See you in two weeks!


  1. Fascinating blog with wonderful illustrations and thoughtful analysis to compare these hard-working people to writers who continue writing when they are rejected. I used to have a sign in my classroom that read, "Intelligence and talent aren't always enough. Most of the time, success requires persistence."

  2. Thanks for your kind words. Sounds like a great sign (the one in your old classroom), Fran. Your students were lucky to have you.

  3. Very interesting. You might want to read Terry Pratchett's new Discworld novel Raising Steam, which is about the invention of railroads and the magic s
    Ell they seem to cast over some of us.

  4. Wow, what a poignant article. I'm not sure how you generated the emotion, but it worked. I have to ponder and come back…

  5. I agree with Leigh. Lovely post. I think it's the combination of ghosts and hopeful persistence that made it touching. And you really got the Ghanaian voice.

  6. My general answer is that these are part of something bigger than ourselves. More specific to the library and rail lines the dedicated refuse to abandon is they’re touchstones in a declining civilization. Perhaps some hope “If we maintain it, they will come.”

    I can’t say I was more taken by trains than any other boy, but a line on its way from Cincinnati to Indianapolis nearly kissed the southern border of our old farm. Miles away, a line and switch, complete with a concrete callbox formed the northern border of our other farm. In the middle of the night, we heard the freight trains rumbling through, the great lamp hypnotically sweeping from side to side, and the mournful call of those horns.

    A mile from my home in Florida, Orange County tore down buildings and opened land for a ‘flyover’ and apparently part of what the road flies over is a switchyard. In the middle of the night, I now hear the rumble of diesels and the haunting horns as the great engines navigate the rails.

    I mentioned before in South Africa, I’d hear trains with their wavering horns that sounded so much like ours here at home. I remarked to a retired railroad man that the calls of the beasts sounded so much like those in the States. “Of course,” he said. “That’s where ours come from.”

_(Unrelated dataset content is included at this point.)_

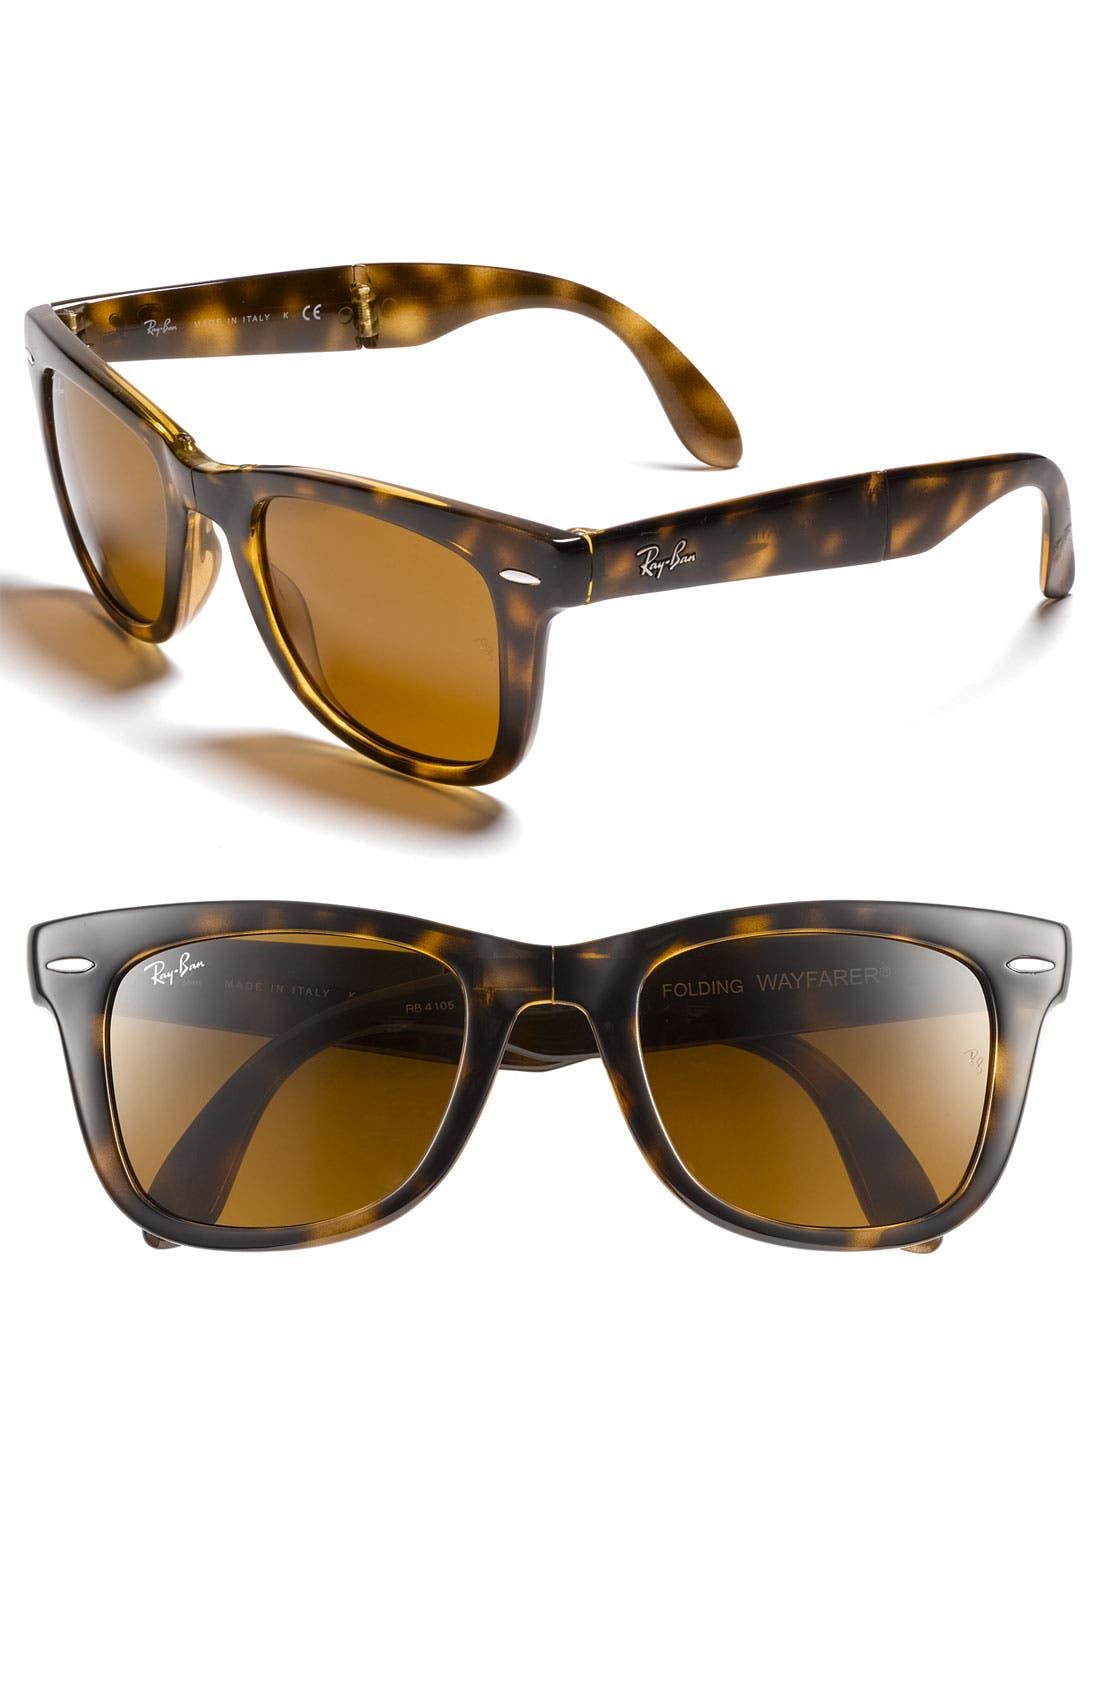 Standard 50mm Folding Wayfarer Sunglasses,                         Main,                         color, Brown Flash

  7. This is one of the most powerful posts I've read in a while. It's redolent of so much that's happening everywhere in the world right now, it seems to me -- not just to writers continuing to write in the face of rejection, but also to teachers continuing to teach (also at little pay!) in collapsing classrooms, to physicians who keep trying to spend quality time with their patients even as the press of numbers forces them to go quickly to the next person, the artists trying to create original works in a time of instant digital productions that "look similar" but don't always have the same soul... I could go on and on. It feels to me like there is something seriously and deeply human in these efforts, and in the notion that "this precious thing must not pass away, no matter what." Perhaps the larger What Is thinks so too. Perhaps the ghost trains will continue to run even as humans try to preserve the crumbling wreckage they run ON. If so, there may be real hope.